Что это значит — неужели он хочет уйти?
Снова — уйти?
Оставить его одного?
Нет. Нет-нет-нет-нет. Только не это.
Когда-то давно Дино настаивал на том, что он взрослый. Отец над этим даже злобно порой смеялся, и мальчиком он очень распалялся. Я сильный, мол. Я смелый. Тогда хотелось разворотить всю землю, в полной уверенности, что она ему покорится.
На секунду Дино захотелось стать тем мальчиком — маленьким, глупым, смешным. На секунду, сквозь времена, он снова стал ниже на три головы, снова почувствовал себя тщедушным, костлявым, почувствовал прохладную тяжёлую руку на голову. Он словно стряхнул с себя несколько сотен лет — и снова беззащитный, задыхающийся, умоляющий.
Чтобы отец посмеялся и забрал всю тяжесть мира у него из рук. Чтобы он мог снова тащить его за шкирку.
Чтобы только не быть одному.
Нет.
Пожалуйста. Нет.
— Будь осторожен, Дино.
Хриплый шёпот в макушку. Последнее крепкое, сильное, до боли в рёбрах объятие. Последний блеск глаз.
И — улетел. Улетел, не успев даже услышать последний умоляющий детский крик в спину.
Перед глазами по-прежнему всё расплывалось. От дыма, клубами летящего в небо от цитадели, от чего-то ещё. Ангелы кричали. Демоны кричали, вцепившись в последней схватке. Это уже не на жизнь, а на смерть. Кто-то хрипел, захлёбываясь своей кровью.
Дино сжимает руки в кулаки. И вспоминает слова, с которых всё началось — и его жизнь, и всё на свете. С которых начнётся и новый поворот.
Самоконтроль, Дино.
Ангелам не пристало злиться, сынок.
Он смотрит на цитадель, рушащуюся, подобно вековым устоям. Остаётся лишь пыль. Смотрит на огонь, сжигающий ангелов, демонов — всех по разбору, оставляющий только кровавое гнилое мясо.
А потом смотрит на убегающих из гор ангелов. И во главе них он замечает белую точку на драконе — Кроули. Сбегающего. Вместе с шансом помочь кому-то другому для Дино — но сбегающего, как подлая собака. Со всеми высокими словами и обещаниями.
«Ты будешь нам полезен.
Ты поможешь нам, и мы сохраним тебе жизнь.»
Со всеми лживыми словами.
Что ты там говорил, отец, — не вступать в сражения?
Не думая ни секунды, Дино выходит к огню. Не думая ни секунды, он хватает чей-то нож, валяющийся на земле, и летит на демона — со спины.

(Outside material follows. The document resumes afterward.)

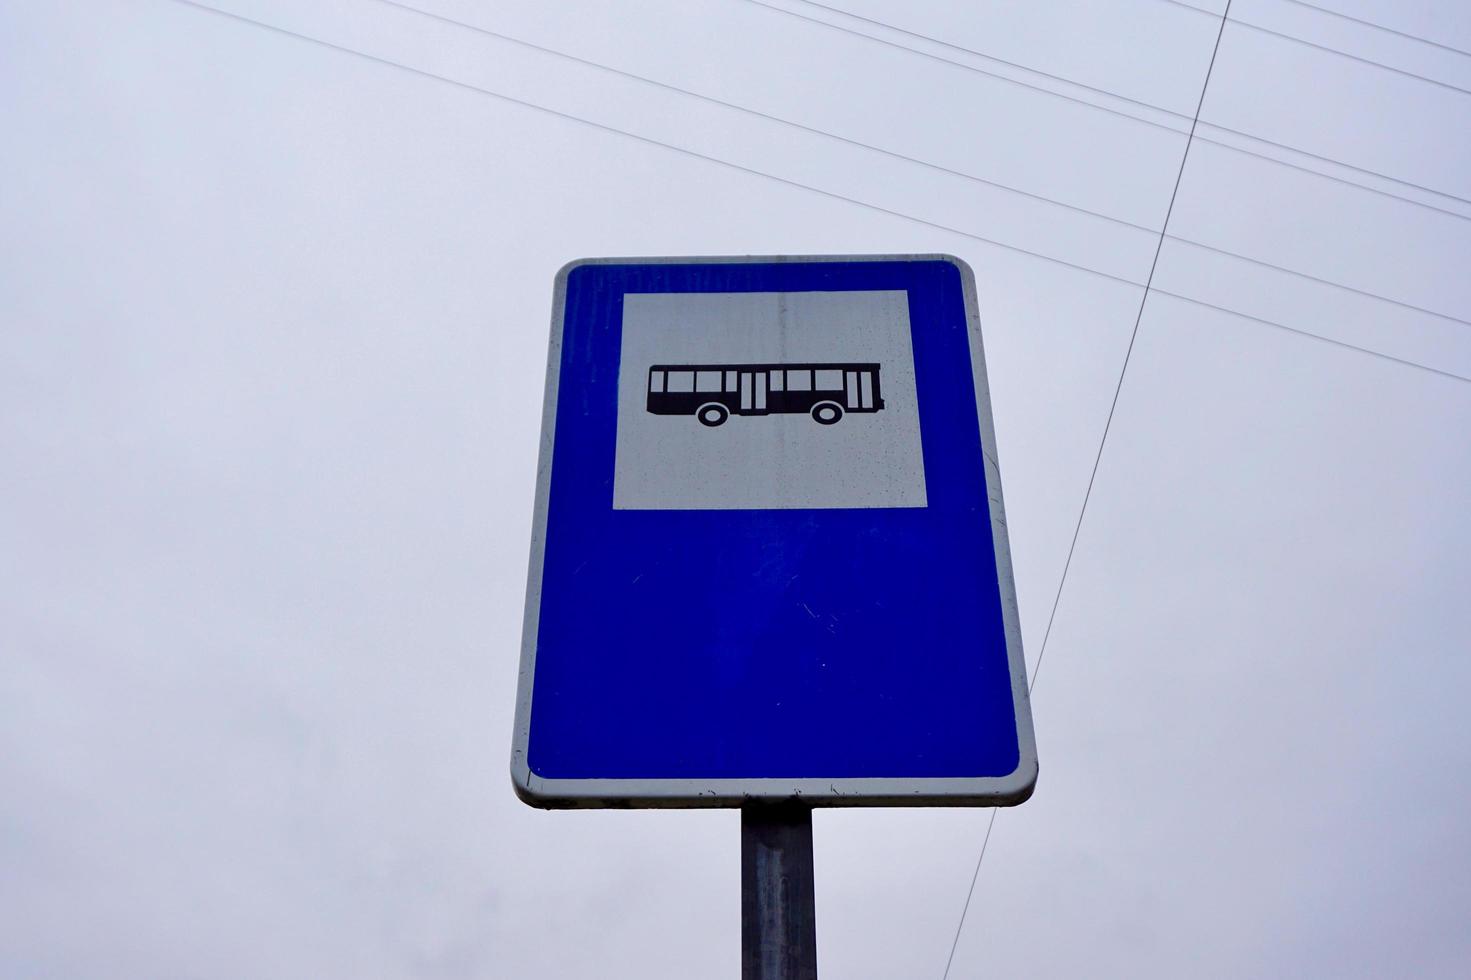 bus stop symbol on the road photo
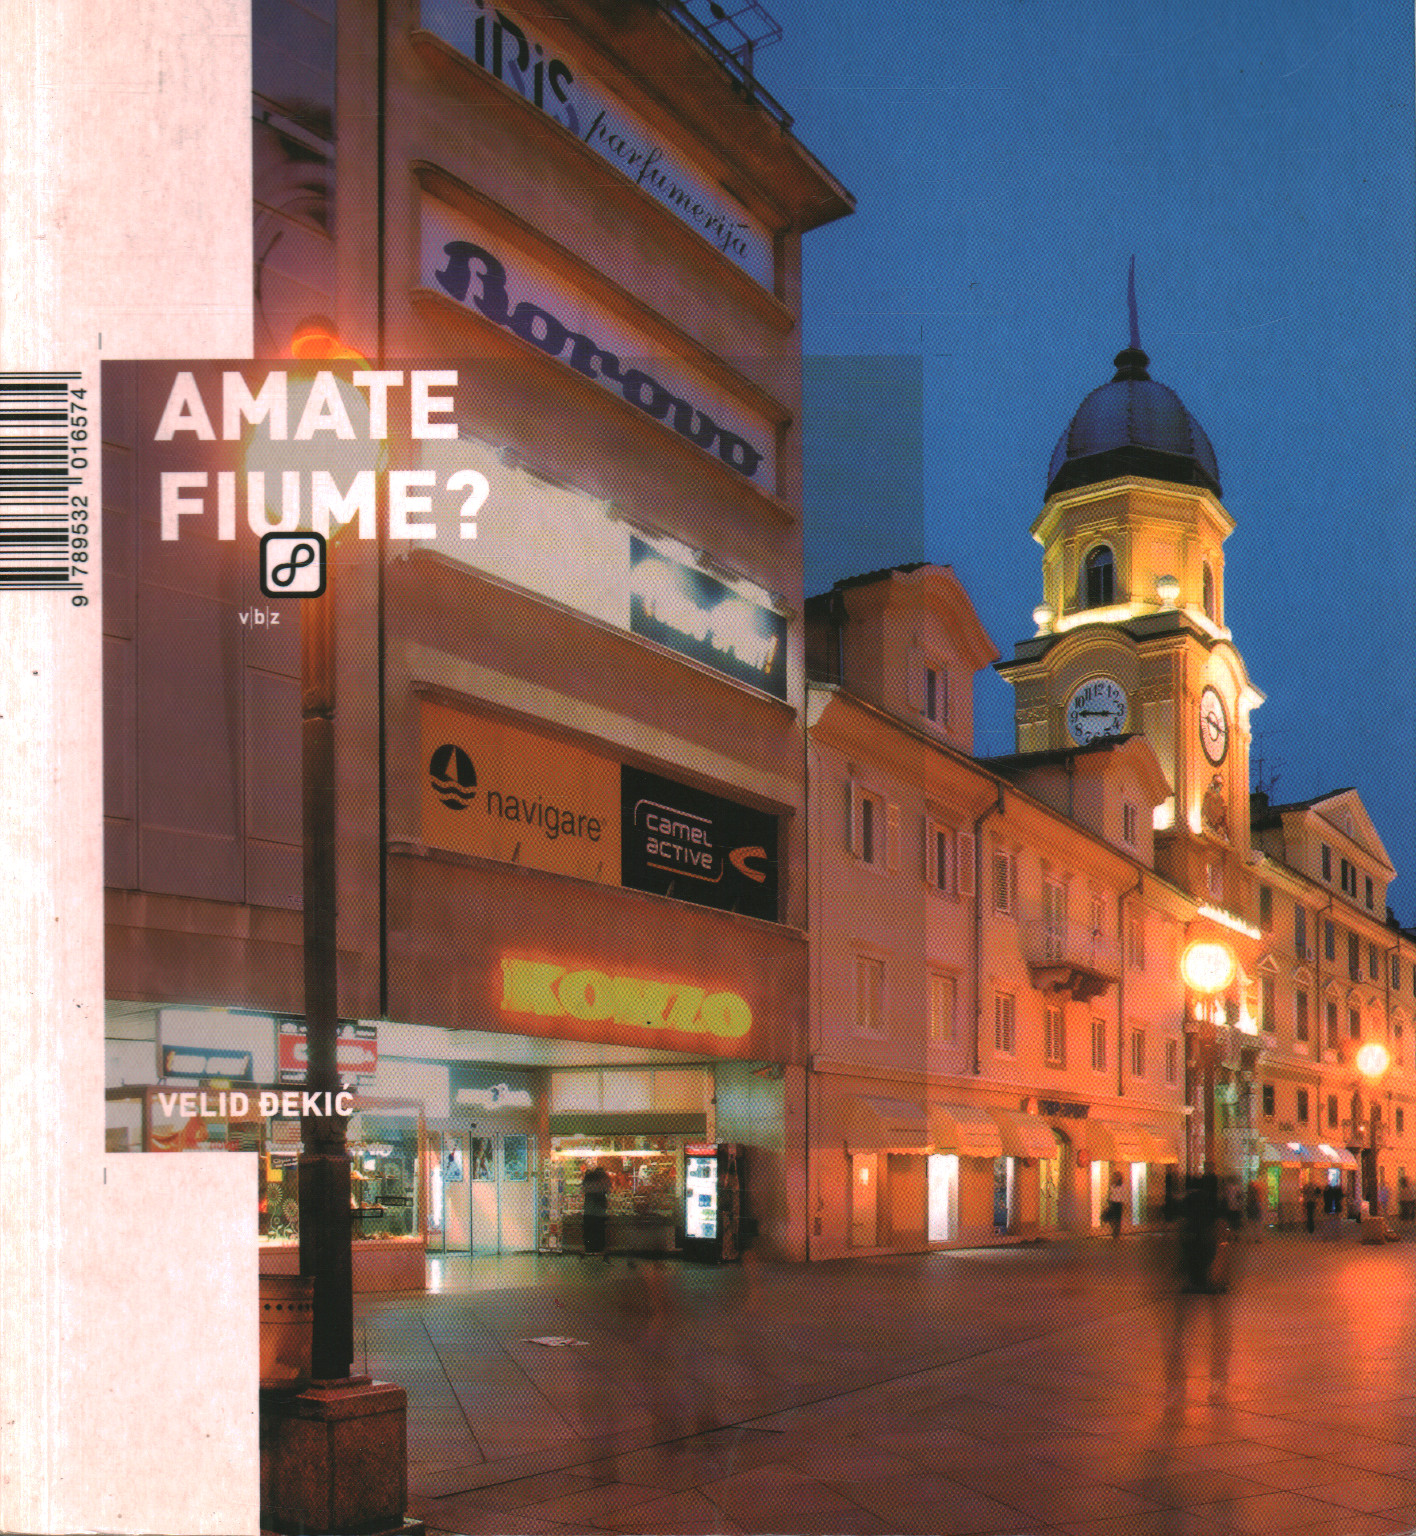 Amate Fiume?, s.a.

Это не выглядит эпично или красиво. Он рычит, словно дикий зверь, вонзая ему нож в спину. И снова. И снова. Пока хриплое дыхание не заглушает весь остальной мир.
Это не выглядит красиво, потому что именно в этот момент прорывается его крик — сорванный и ломающийся. Но никак не прекращающийся. Звучащий и с новым ударом. И с новой схваткой, в которой зубы обнажаются, как у зверя.
Зверя, который рычит, орёт на свою дичь, но на самом деле только и ждущий, чтобы её разорвали.
И в этот момент происходит что-то. Пространство и время разрываются, рассыпая воздух на мелкие ненужные частицы, потому что в лёгких вдруг кончается место. Он больше не нужен, этот воздух.
Всё резко меняется, и Дино, не понимая, в чём дело, двигается, мечется на месте, не найдя причины.
Пока, обернувшись, он не видит.
Сначала он видит то, как он двигается. Он не видит, кого он бьёт; всё, что он замечает, по чему скользит одуревшим взглядом, — то, как двигается его тело. Как перекатываются его мышцы. До боли знакомо.
Он словно знает, как он двинется в следующий момент.
Он словно замирает в этом моменте. В этом волшебном моменте его грации. Этой красоты среди всего этого хаоса.
И на секунду он думает, что ради этого — прямо сейчас — он бы мог умереть. Он чувствует, как умирает, но эта смерть ощущается как благословение. Как награждение.
А потом — он словно за секунду до этого знает, что это случится — Люцифер смотрит на него багряными глазами.
И в этот момент в бок Дино входит лезвие.
========== 20. Посмотри, это не ад - это дом ==========
Как бы Мими ни старалась сохранить невозмутимый вид, у неё не сразу вышло — изящные брови всё же дёрнулись вверх от удивления. И о том, что он, возможно, ничего и не заметил, не могло идти и речи — он настороженно смотрел на неё золотыми глазами, впитывая каждое её движение. И вообще не двигаясь. В отличие от неё — Мими, которую тянуло нервно дёрнуться. Тянуло прыгать и орать от возбуждения.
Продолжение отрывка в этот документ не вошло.